Feature
Cooking Up Cures
February 26, 2007
Cook Pharmica boosts Indiana's bio- manufacturing profile and creates new jobs
Cook Pharmica will produce proteins used to perform safety assessments of bioengineered crops and active ingredients for injectable drugs to treat diseases.
After a 40-year career in the pharmaceutical industry, rising to top positions at luminaries including Eli Lilly and Co., Cook, and Baxter Pharmaceutical Solutions, Jerry Arthur had earned the right to slow down and retire to a life of leisure.
Instead, in 2004 Arthur embarked on a whole new career as president of Cook Pharmica, a new company that contracts with pharmaceutical industry scientists and companies to manufacture monoclonal antibodies — proteins derived from immune cells that are used to develop drugs to treat cancer and other diseases.
"I could be retired but I'm doing this because it's so much fun," Arthur said. "Biotechnology is a frontier for mankind, like going to Alaska in the early 1900s. We're making discoveries and well on the way toward curing debilitating and fatal diseases."
Biotechnology uses microorganisms such as bacteria, and other biological materials to manufacture products ranging from genetically altered bacteria that clean up oil spills to the synthetic insulin used by millions of people with diabetes. In medicine, the hope is that biotechnology will lead to powerful drugs that could cure cancers and other fatal diseases. Today, around 35% of drugs are created using biotechnology. But within the next fifteen years that number is expected to rise to 70%. Currently there are more than 300 biotech-derived drugs in clinical trails for diseases including various cancers, Alzheimer's disease, diabetes, multiple sclerosis, AIDS, and arthritis.
With Cook Pharmica, Cook Medical has thrown its hat into the biotech ring.
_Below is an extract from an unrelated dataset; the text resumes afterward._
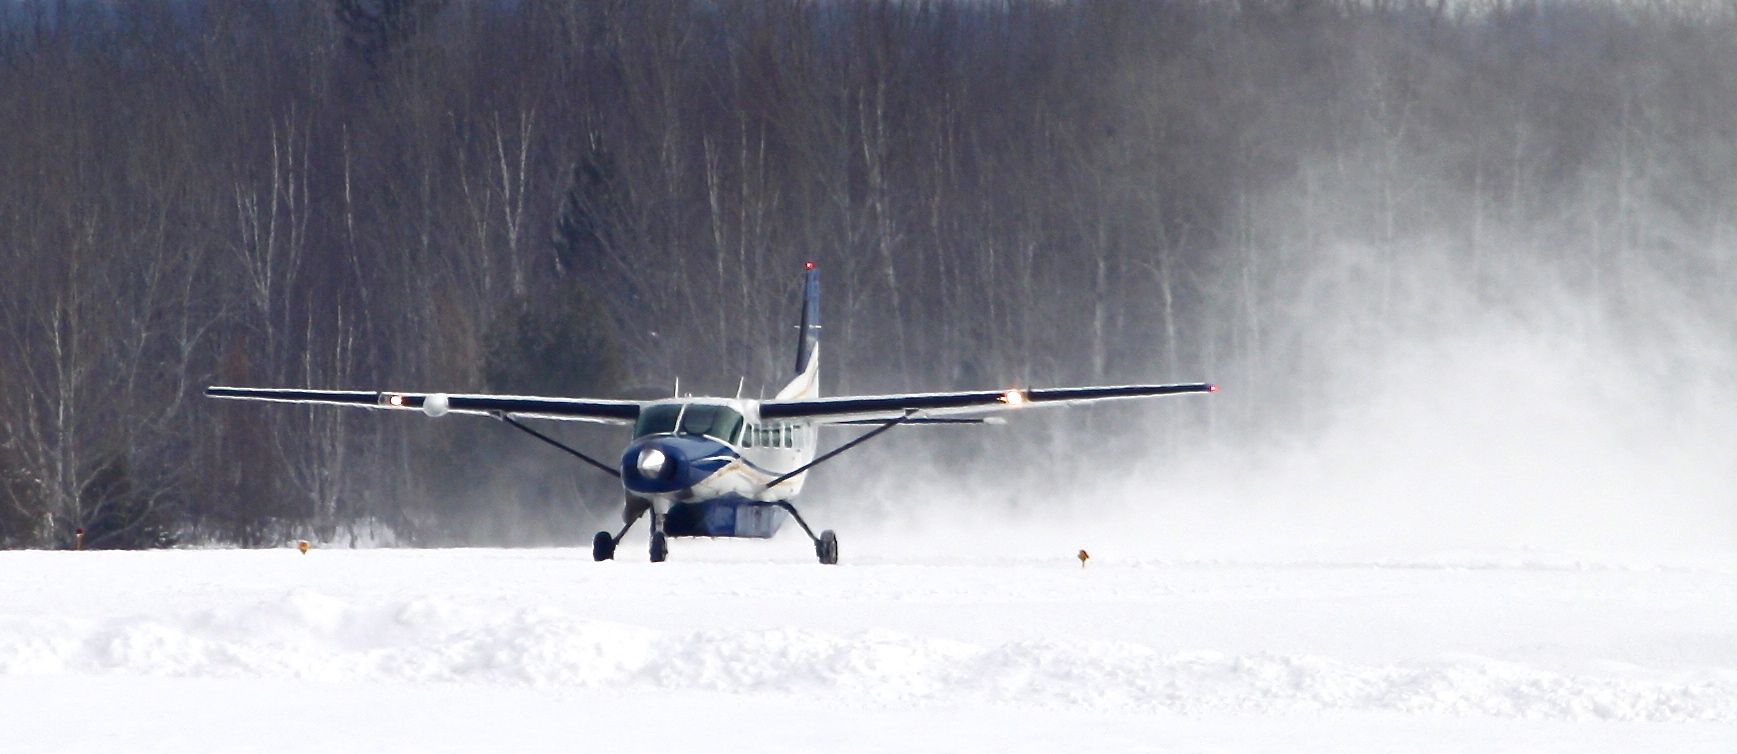 Cessna Caravan (N4118K) - Air Choice One flight 2803 taking off runway 27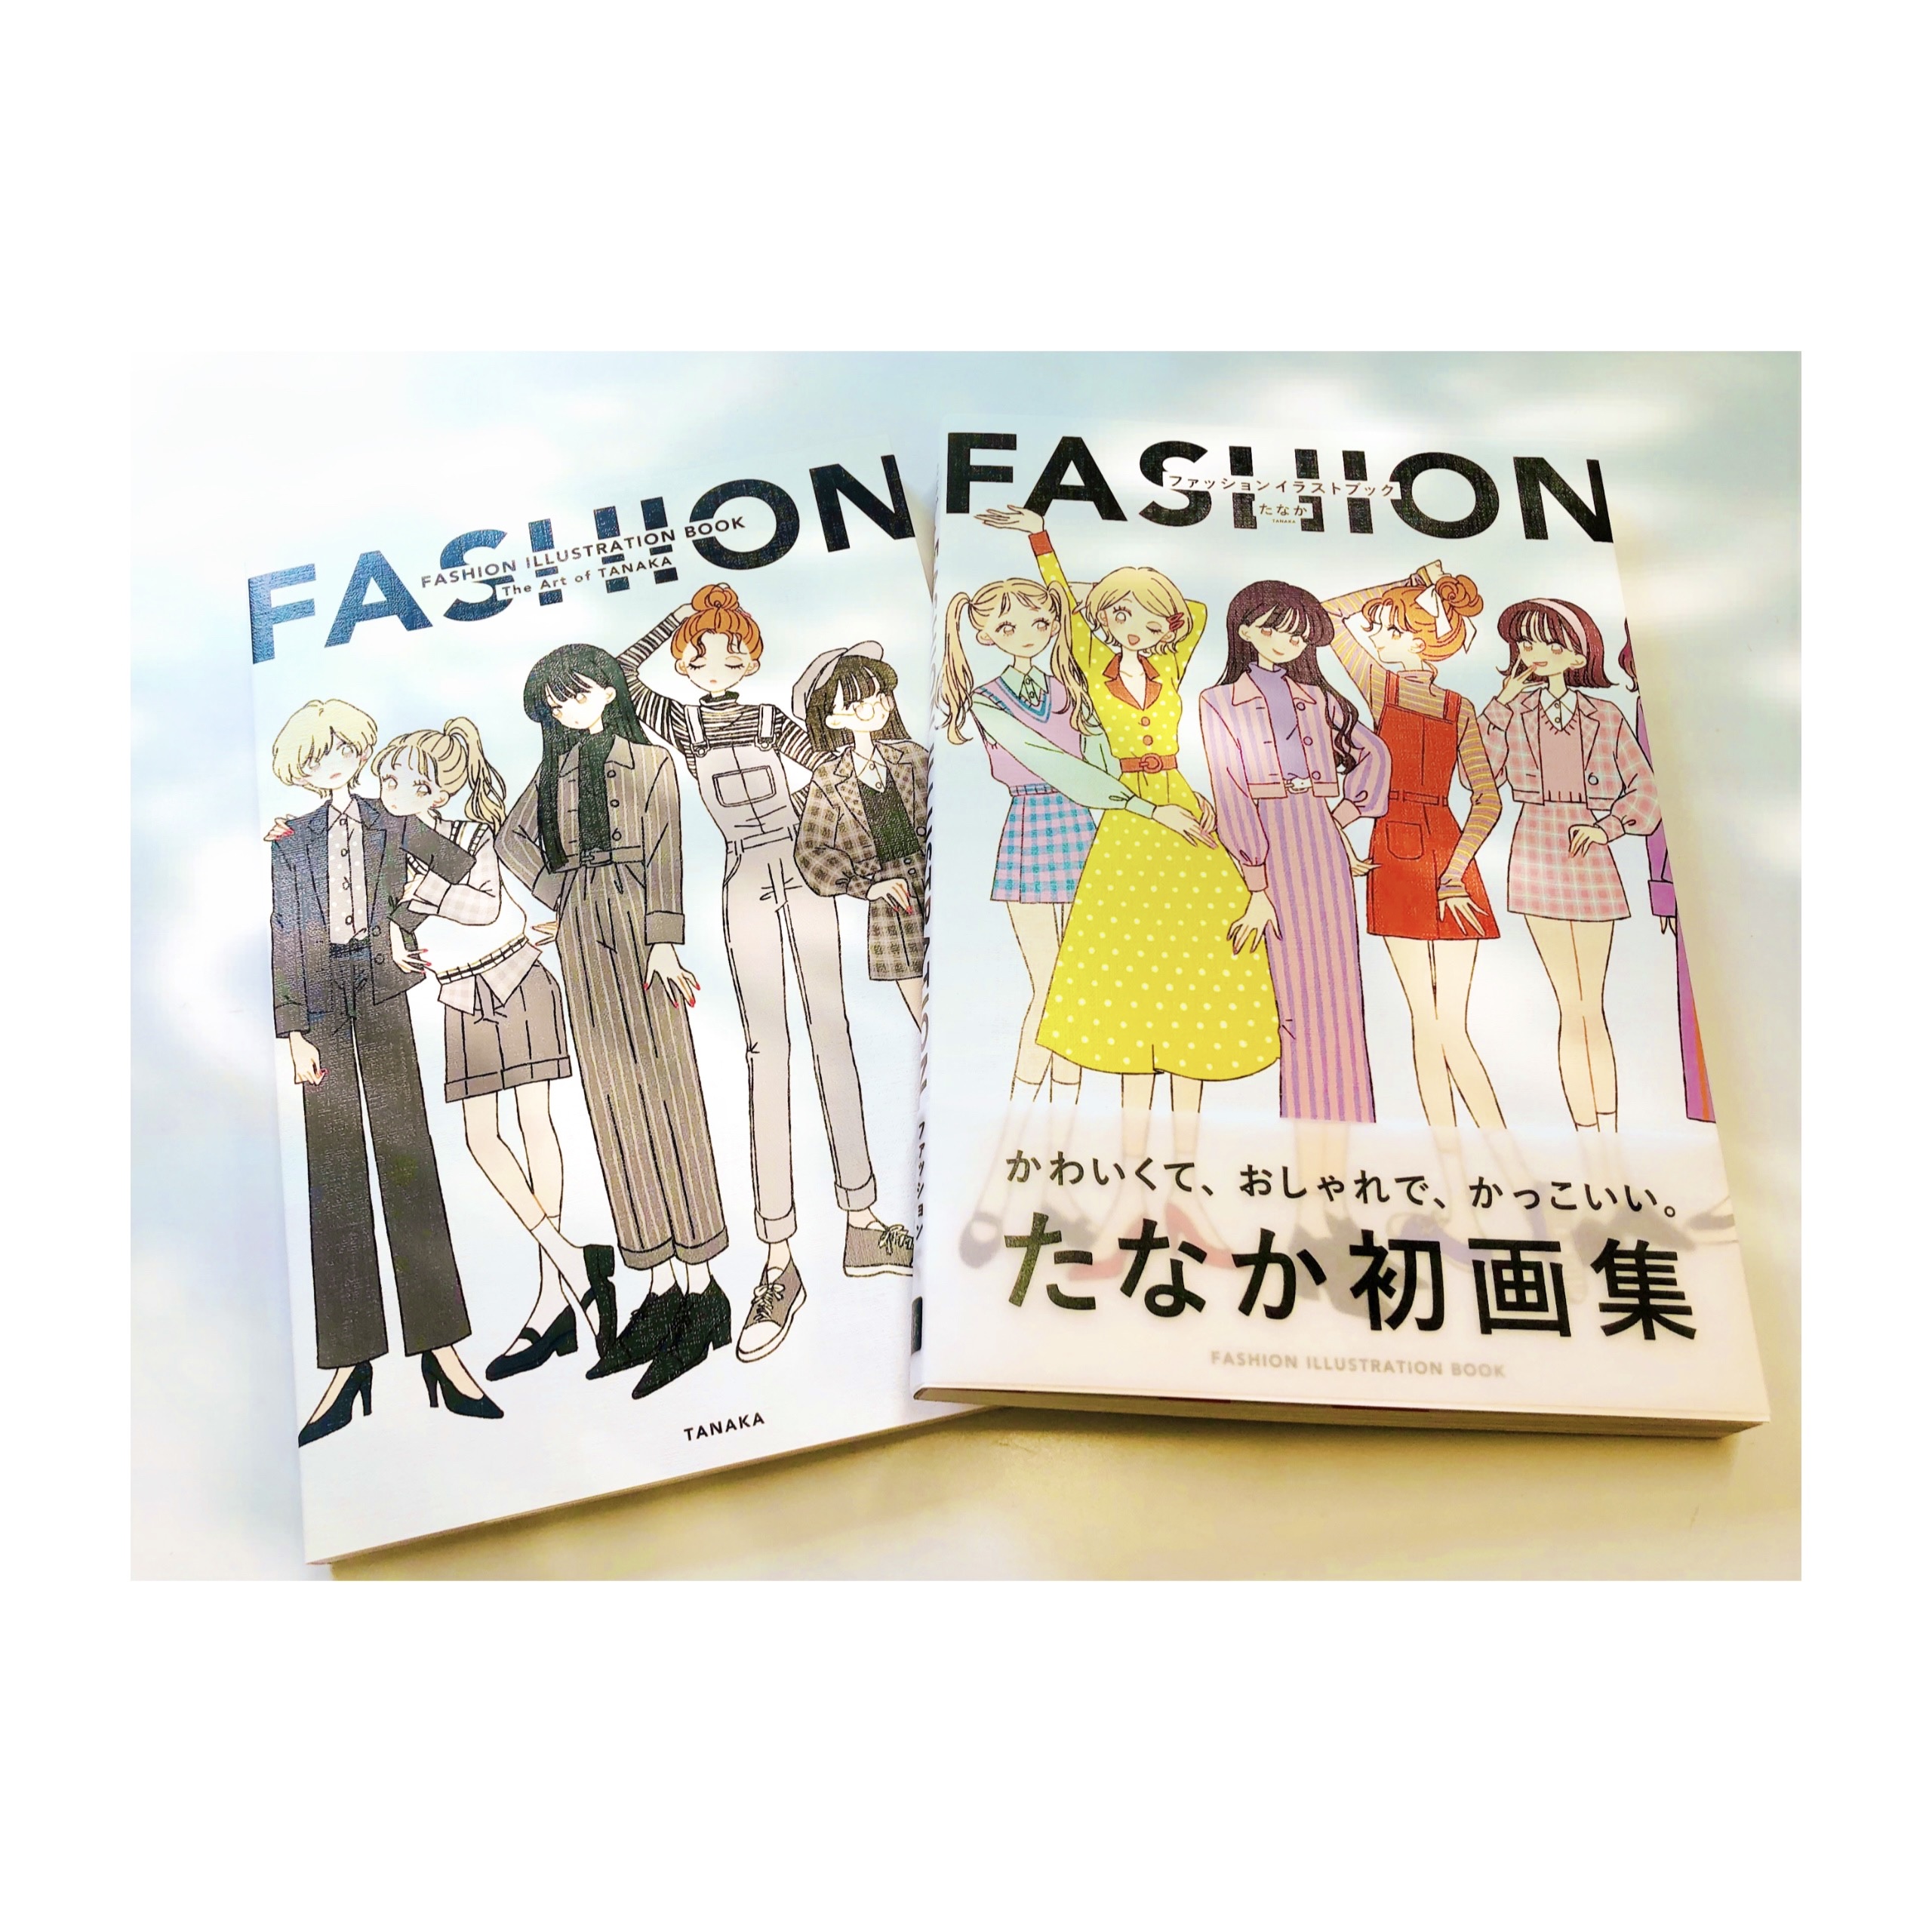 Pie Comic Art 祝4刷出来 たなかさん Gojio の Fashion Illustration Book たなか ファッションイラストブック が大好評につき 国内版 海外版ともに重版出来いたしました 電子版も好評発売中です ぜひお手元でお楽しみください

Planning for the new company began in 2003, and construction of its Bloomington headquarters was completed in 2005. Cook chose to build the facility in Bloomington, Arthur said, "largely because of its proximity to IU and its chemistry and biology faculties, which have been an invaluable resource."
Arthur added that Bloomington's rich cultural life and high standard of living attract many former employees of Lilly, Pfizer Inc., Boston Scientific, and other life sciences companies, providing Cook Pharmica with several sources of experience from which to draw.
Cook Pharmica's facility houses the latest in bio-manufacturing technology.
The company's 124,000 square foot facility (expandable to 450,000 square feet with another 450,000 square feet available in a separate building) houses the latest in bio-manufacturing technology, including several small, disposable bioreactors used to manufacture sample quantities of biological agents. A 600-liter bioreactor and two 2500-liter production bioreactors are used to mass produce monoclonal antibodies for use in the drug manufacturing process.
Arthur said the technology enables Cook Pharmica to meet the manufacturing needs of companies or individuals who have discovered a promising protein or other biological agent but lack the capacity to replicate and produce enough of the material necessary for the large-scale clinical trials necessary for potential FDA approval.
In January, Cook Pharmica signed its first client, the Monsanto Company, which specializes in biotech-based agricultural products. Cook Pharmica will do small-scale manufacturing of proteins used to perform safety assessments of bioengineered crops. As the company's client list grows, Arthur hopes that Cook Pharmica's success will lead to other local successes in life sciences.
"We're excited about the potential for this company and for life sciences in Indiana in general," Arthur said. "I think it's possible that Indiana can become for bio-pharmaceutical manufacturing what Boston and San Diego are for biotech research."
Arthur added that Cook Pharmica could have an impact in stopping Indiana's so-called science "brain drain." The company currently has 140 employees, a significant number of whom are recent IU graduates, and expects to add at least another 60 jobs by the first fiscal quarter of next year.
"IU graduates are a tremendous asset to the company," Arthur said. "We've been able to hire a group of young, intelligent, and energetic chemists, microbiologists, and IT specialists and mesh them with people who've been in this industry for 30 years. That creates a pretty dynamic culture."